We aim to find a solution \({\varvec{x}}\in {\mathbb {C}}^n\) to a system of quadratic equations of the form \(b_i=|{\varvec{a}}_i^*{\varvec{x}}|^2\), \(i=1,2,\ldots ,m\), e.g., the well-known NP-hard phase retrieval problem. As opposed to recently proposed state-of-the-art nonconvex methods, we revert to the semidefinite relaxation (SDR) PhaseLift convex formulation and propose a successive and incremental nonconvex optimization algorithm, termed as IncrePR, to indirectly minimize the resulting convex problem on the cone of positive semidefinite matrices. Our proposed method overcomes the excessive computational cost of typical SDP solvers as well as the need of a good initialization for typical nonconvex methods. For Gaussian measurements, which is usually needed for provable convergence of nonconvex methods, restart-IncrePR solving three consecutive PhaseLift problems outperforms state-of-the-art nonconvex gradient flow based solvers with a sharper phase transition of perfect recovery and typical convex solvers in terms of computational cost and storage.
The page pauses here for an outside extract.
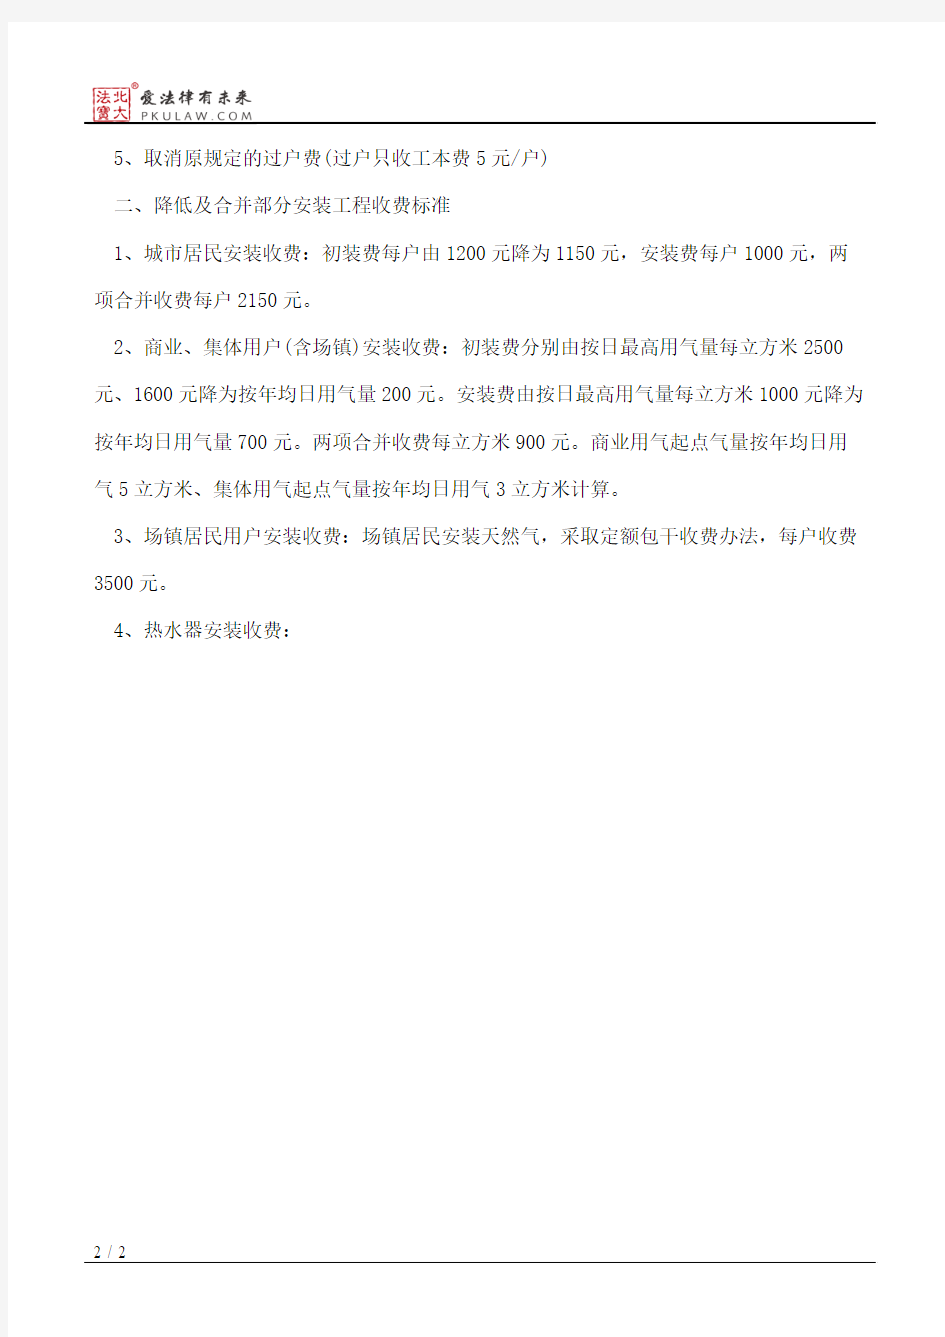 重庆市物价局关于调整天然气安装及服务收费标准的通知

For more challenging structured (non-Gaussian) measurements often occurred in real applications, such as transmission matrix and oversampling Fourier transform, IncrePR with several consecutive repeats can be used to find a good initial guess. With further refinement by local nonconvex solvers, one can achieve a better solution than that obtained by applying nonconvex gradient flow based solvers directly when the number of measurements is relatively small. Extensive numerical tests are performed to demonstrate the effectiveness of the proposed method.
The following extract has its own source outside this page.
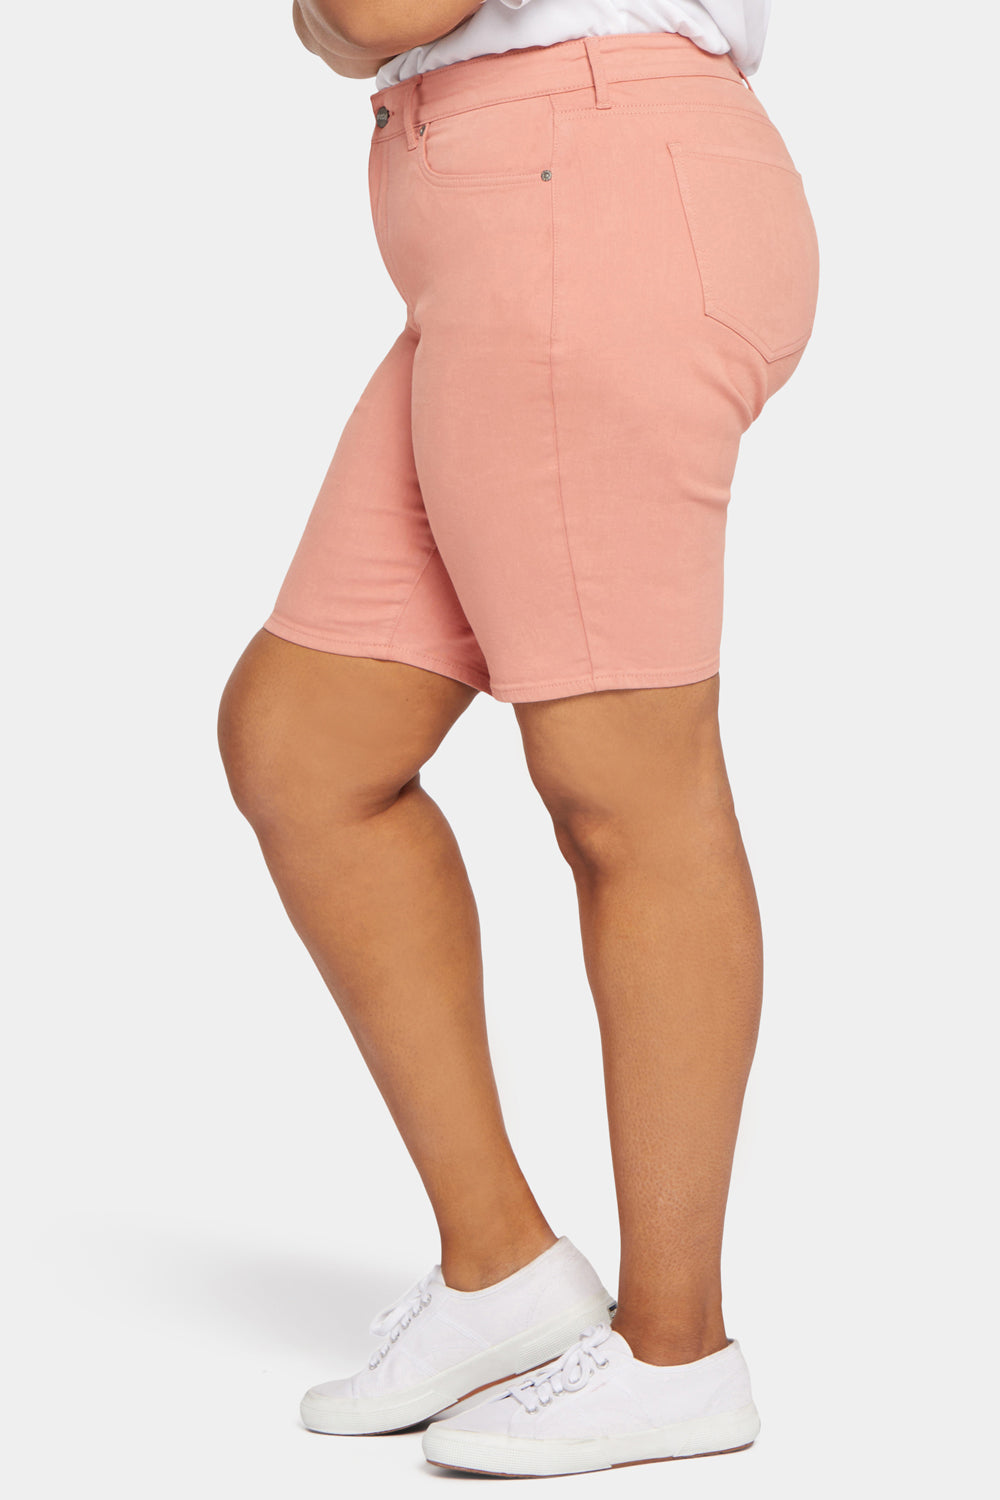 NYDJ Briella 11 Inch Denim Shorts In Plus Size  - Terra Cotta

我们旨在在{\ mathbb {C}} ^ n \）中找到\（b_i = | {\ varvec {a}} _ i形式的二次方程组的解决方案\（{\ varvec {x}} \ ^ * {\ varvec {x}} | ^ 2 \），\（i = 1,2，\ ldots，m \），例如，众所周知的NP硬相位检索问题。与最近提出的最新非凸方法相反，我们恢复为半定松弛（SDR）PhaseLift凸公式，并提出了一种连续的和增量的非凸优化算法，称为IncrePR，以间接最小化在正半定矩阵的圆锥上产生的凸问题。我们提出的方法克服了典型SDP求解器的计算成本过高以及对典型非凸方法进行良好初始化的需求。对于高斯测量，这通常是可证明收敛的非凸方法所必需的，重新启动-IncrePR解决三个连续的PhaseLift问题的性能优于基于最新的非凸梯度流的求解器，其具有完美的相变和完美的典型相变求解器计算成本和存储量。对于更具挑战性的结构化（非高斯）测量，经常在实际应用中进行，例如传输矩阵和过采样傅立叶变换，IncrePR与几个连续的重复可以用来找到一个很好的初步猜测。通过局部非凸求解器的进一步改进，与在测量次数相对较少时直接应用基于非凸梯度流的求解器相比，可以实现更好的解决方案。进行了广泛的数值测试，以证明所提出的方法的有效性。